Both accomplish the same purpose, of having all features on the same scale.

Ok, so for some models you need to standardize (or normalize) the features before fitting the model, at least if they have significantly different ranges. It's not that hard to write code to do that, but the transformers in `sklearn` make that a lot easier.

In [None]:
from sklearn.pipeline import Pipeline
from sklearn.preprocessing import StandardScaler
from sklearn.linear_model import Lasso

model = Pipeline([('standardize', StandardScaler()),
                   ('regressor', Lasso())])

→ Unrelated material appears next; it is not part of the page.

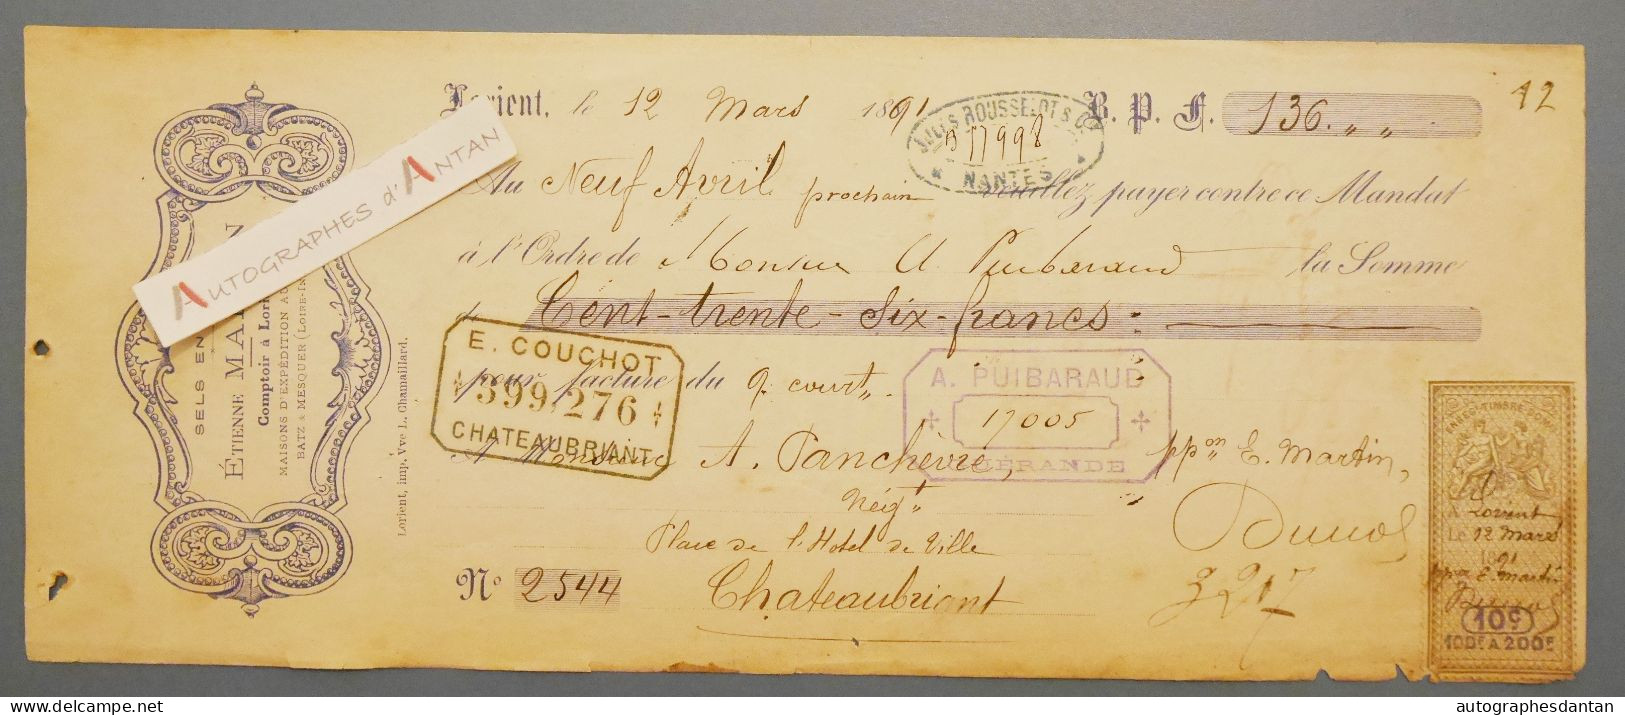 ● Lorient 1891 Etienne MARTIN Sels En Gros - Panchevre Négociant à Chateaubriant - Rare Mandat Lettre De Change - Wissels

The pipeline model will take care of the transformations in fitting and prediction automatically. You can normalize using `sklearn.preprocessing.MinMaxScaler`.

In usual linear regression without regularization, scaling **does not matter**. If you multiply change the scale of a feature, it will change the cooresponding coefficient, but the predictions will be exactly the same.

This changes when we add regularization. Since we include a term that is proportional to the $\beta$, that actual predictions will change it we rescale the values.

As a rule of thumb, if rescaling the values will change the predictions of a model, you need to standardize (or normalize) the values.

Discussion: is standardizing or normalizing better? When should you do one or the other?